While Captain Piet Reynecke, investigating officer into the Rustenburg blasts, this week said no evidence had been uncovered to connect the Worcester and Rustenburg incidents, and top intelligence officer Mo Shaik slighted the threat by talking of “Brandy and Coke Ossewa” militant right- wing cells, some information points towards an at least loosely co-ordinated campaign within the orbit of the AWB and related right-wing structures. This includes:
* Investigators’ suspicion has been raised by the “coincidence” of the same lawyers acting for De Wet and Rustenburg bombing suspects Pierre Jacobs and Harmse. The advocate already retained by their lawyers, Louisa van der Walt, also appeared for the defence during trial of the 1994 election bombers. The source of their legal funding this week remained a mystery.
* Intelligence and police investigators have information on foreign right-wing support for local groups, which could boost the local capacity for terror considerably.
* The Worcester and Rustenburg incidents have not been the only ones in the last six months. North-west Premier Popo Molefe has talked of six arrests in six weeks, including that of white miners attempting to steal commercial explosives from mines.

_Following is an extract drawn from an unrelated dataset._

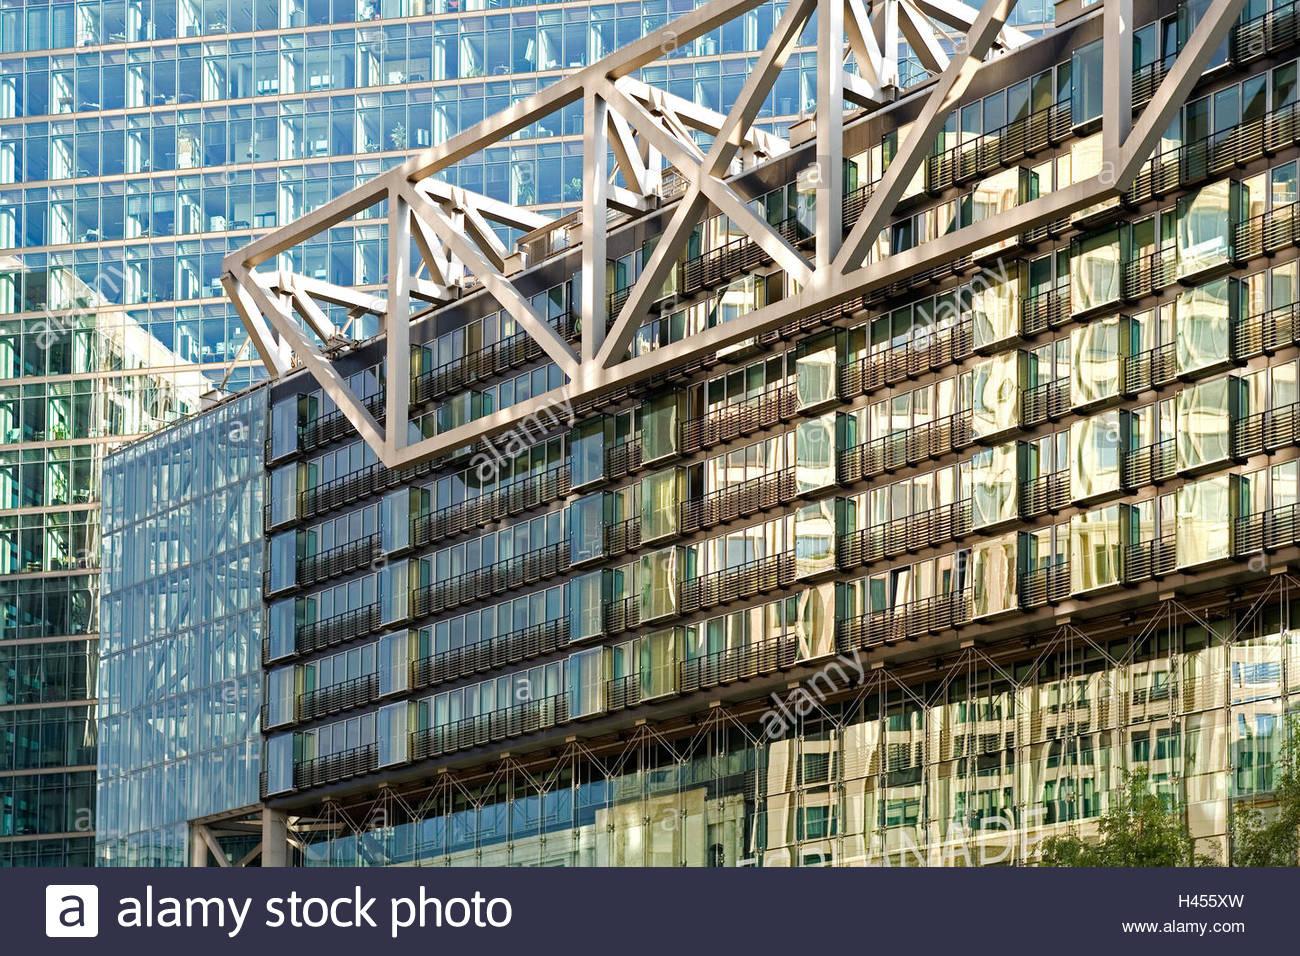 Häuserfassaden Modern bürogebäude glasfassaden reflexion wolkenkratzer fassaden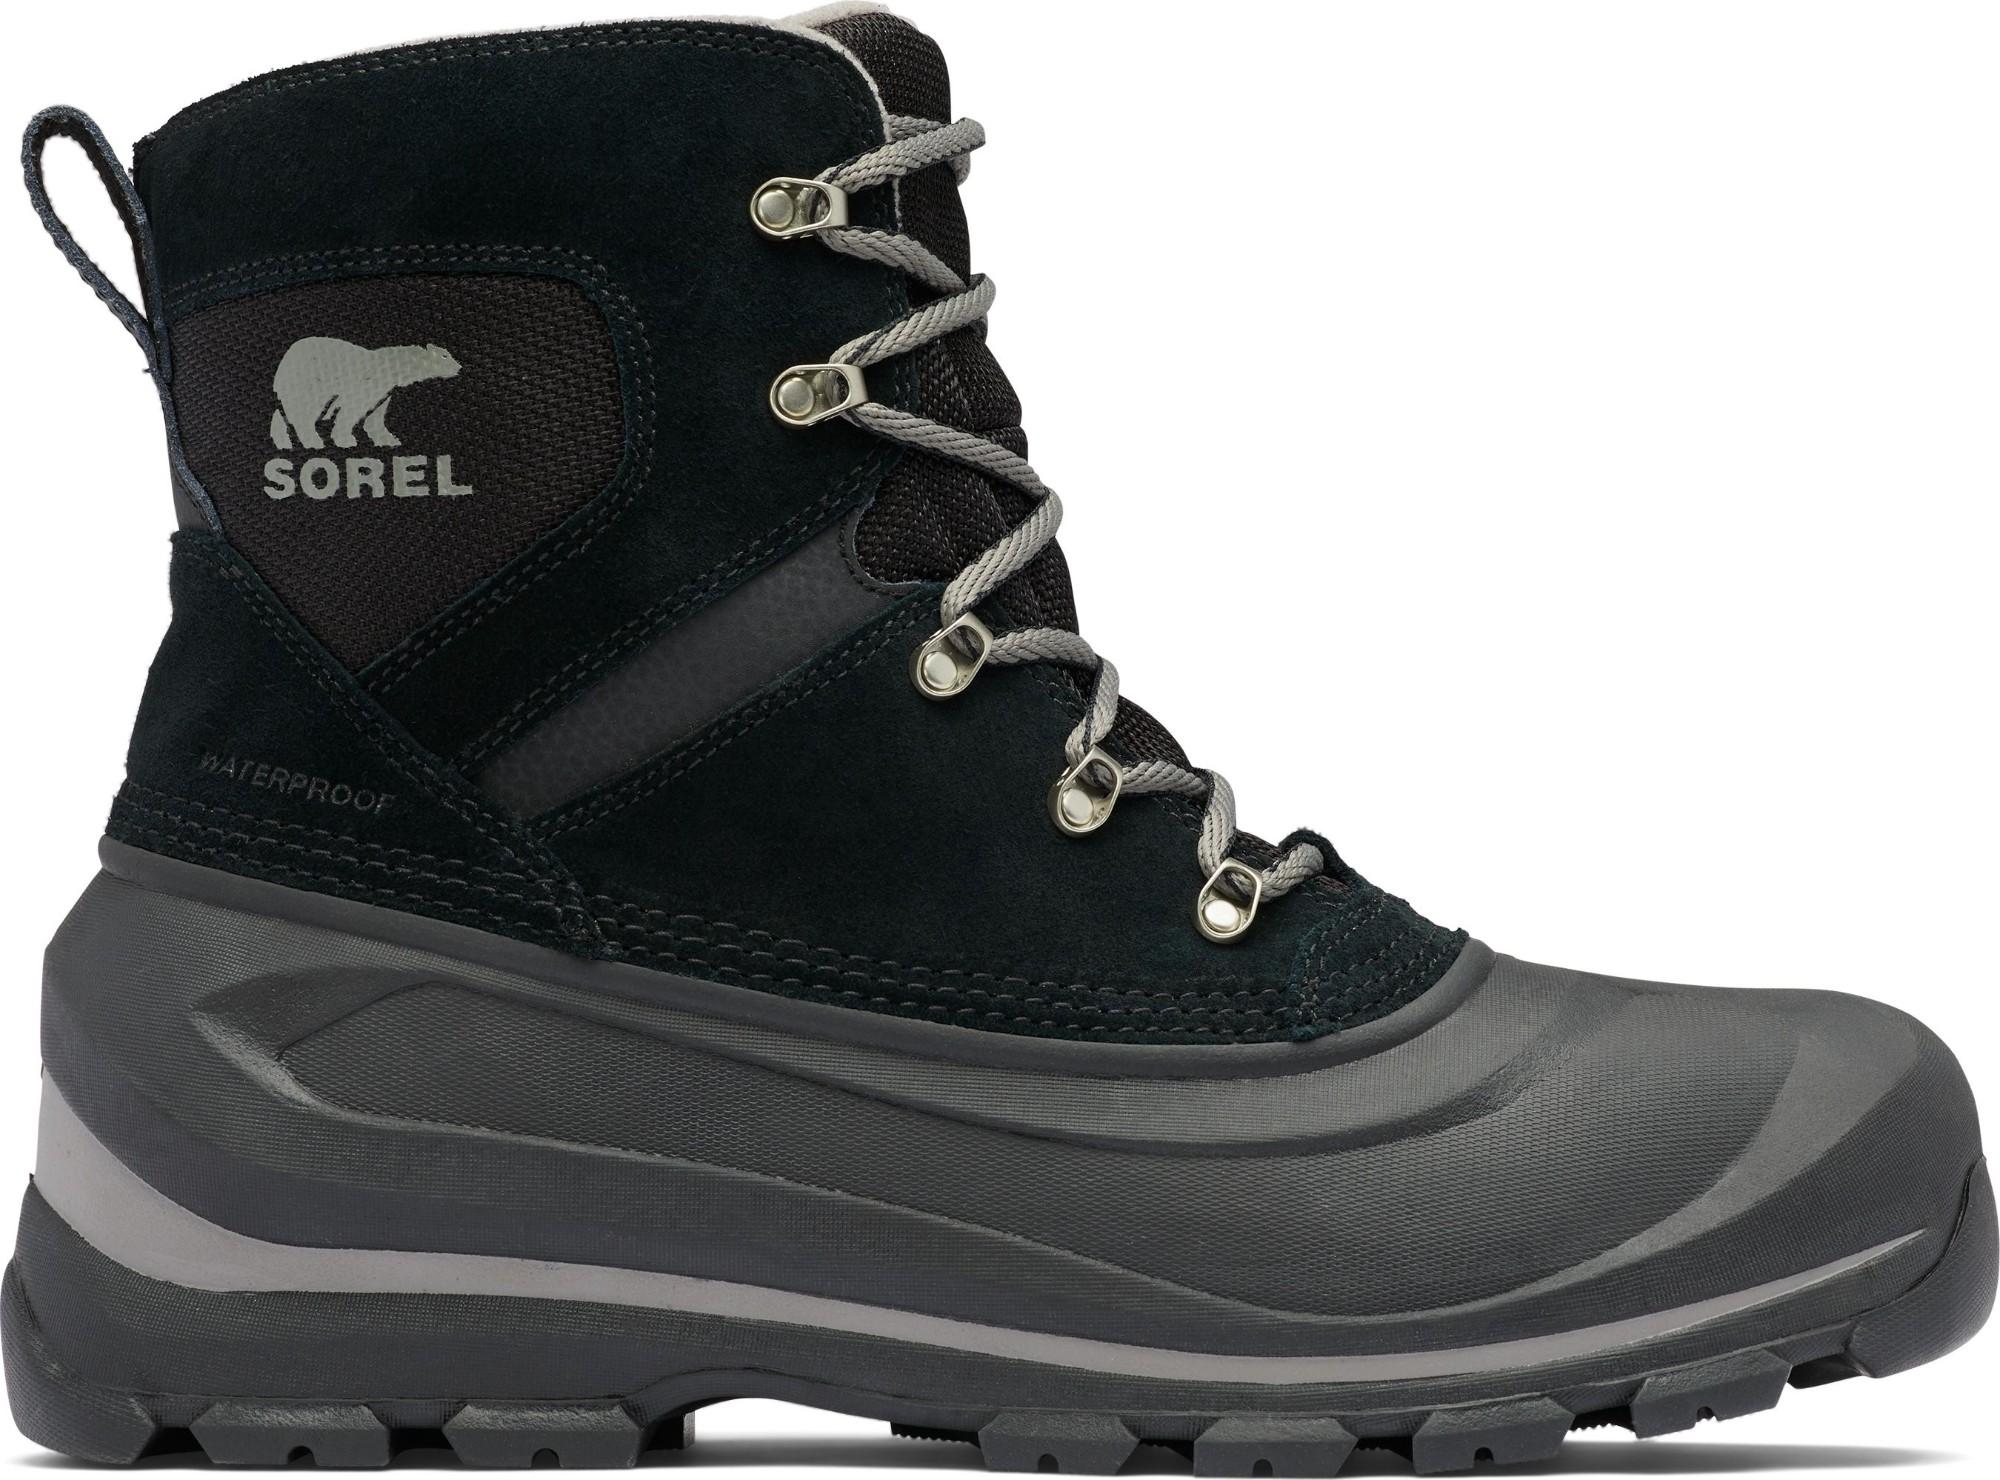 Sorel Buxton Lace Men's Waterproof Black/Quarry 43

Two rightwingers, one of them AWB member Fred Joubert, were arrested in the North- West last October in possession of explosives, fuses and other equipment. Rustenburg magistrates sentenced Joubert to R2 000 or one year’s imprisonment in Rustenburg this week, and his co-accused, Gert van der Westhuizen, to a similarly light sentence late last year, after the prosecution failed to prove they had intended to use the explosives for terror.
A formerly whites-only Ventersdorp primary school, now renamed Kgololosego, was damaged in a pipe bomb explosion in July after a Communist Party march. The investigation is being handled by investigators from the South African Police Service Internal Security division, who confirmed this week that a Ventersdorp AWB member has been implicated, but said there was no direct evidence against him.
* The M&G this week learnt of an interest shown by intelligence officials in an alleged “bomb factory” near Ventersdorp, while it also received unconfirmed information about a farm in the area containing a large cache of military equipment.
But as South Africa grapples with the realisation that terror is not a tactic only of the past, it appears the country’s security agencies are also grappling to form a coherent picture of the extent of the threat. One well-placed security official this week spoke of far more sinister right-wing groups that have yet to flex their muscles, but acknowledged: “The truth is, we really don’t have a clue.”